Summary for the Impatient

Set HIGHPORT=25000, LOWPORT=20000 in condor_config. Open this port range in the firewall for incoming TCP connections from GT4 to the submission host. Authenticate with your user cert using grid_proxy_init (from GT4). The authentication can also take place on another host (other than the submission host), provided that you log in to the submission host using gsissh. Use the following in your job file:

universe = grid
grid_resource = gt4 https://srvgrid01.offis.uni-oldenburg.de/wsrf/services/ManagedJobFactoryService PBS

You can also provide an XML fragment to be inserted into the WS GRAM job description directly:

globus_xml = <queue>dgiseq</queue>
universe = grid
grid_resource = gt4 https://srvgrid01.offis.uni-oldenburg.de/wsrf/services/ManagedJobFactoryService PBS

If you don't understand the above or it does not work, read on.

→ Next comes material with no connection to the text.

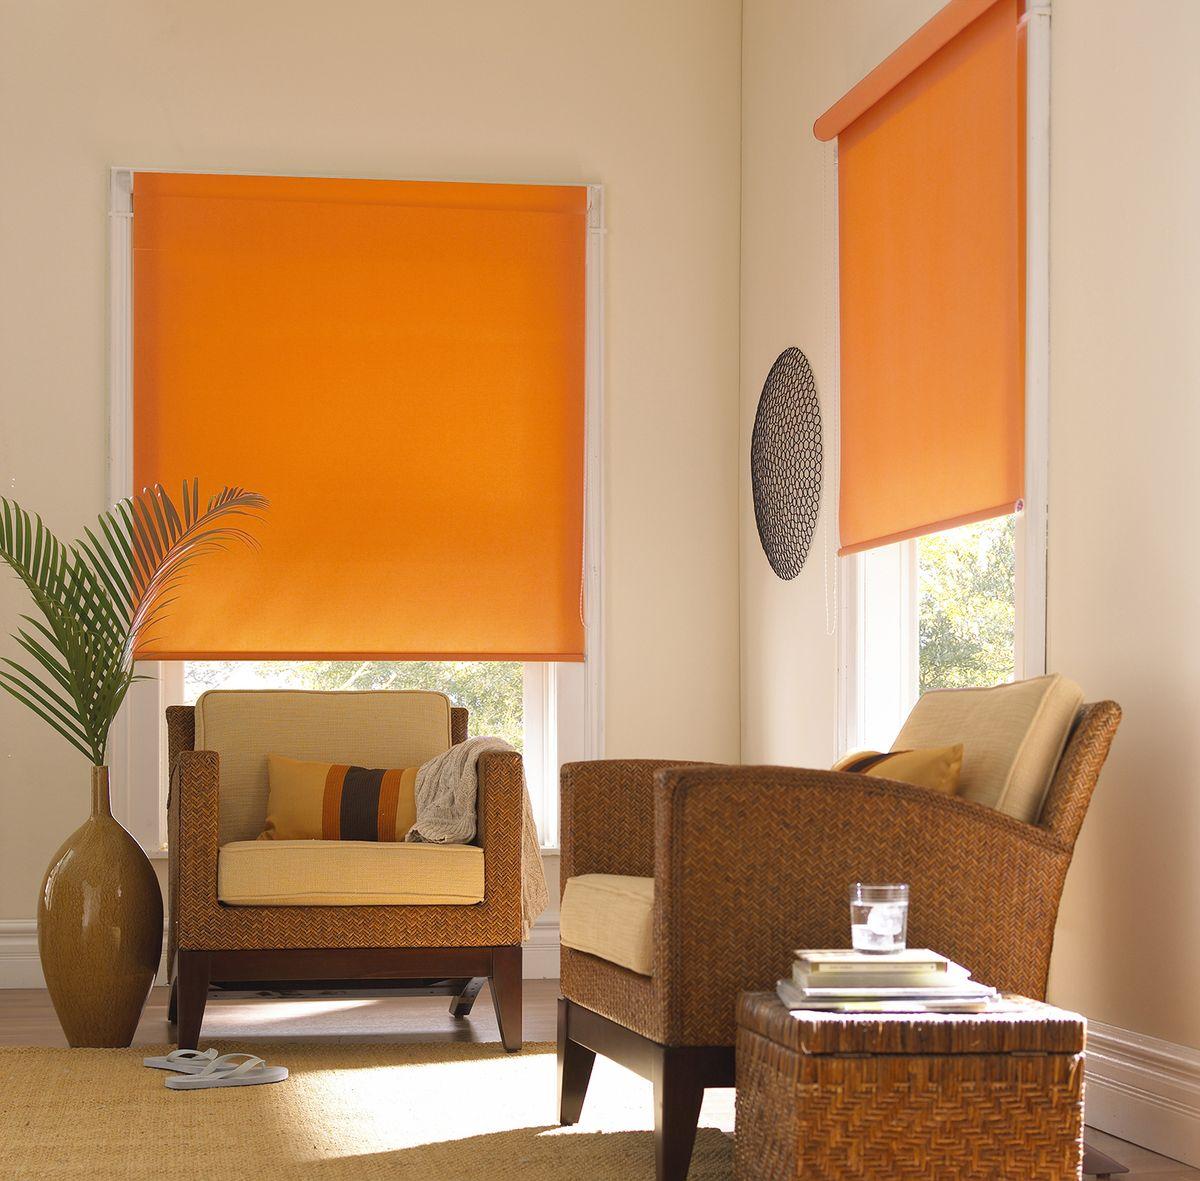 Штора рулонная Эскар Миниролло, цвет: апельсин, ширина 90 см, высота 170 см34119090170Рулонная штора Эскар Миниролло выполнена из высокопрочной ткани, которая сохраняет свой размер даже при намокании. Ткань не выцветает и обладает отличной цветоустойчивостью.Миниролло - это подвид рулонных штор, который закрывает не весь оконный проем, а непосредственно само стекло. Такие шторы крепятся на раму без сверления при помощи зажимов или клейкой двухсторонней ленты (в комплекте). Окно остается на гарантии, благодаря монтажу без сверления. Такая штора станет прекрасным элементом декора окна и гармонично впишется в интерьер любого помещения.

Step 1: Installing Authentication Tools - grid-proxy-init and gsissh

Before using Condor to submit Grid jobs (defined here as jobs submitted to a host running Globus Toolkit 4), you will need to install Globus Toolkit 4 (GT4) on every machine from which you are going to log into the Condor submission host - or on the submission host itself. We recommend that you perform the installation centrally (e.g., on an NFS server) for the benefit of multiple users. In the end, the only important thing is that the programs grid-proxy-init and gsissh work correctly for anyone interested in submitting Grid jobs with Condor.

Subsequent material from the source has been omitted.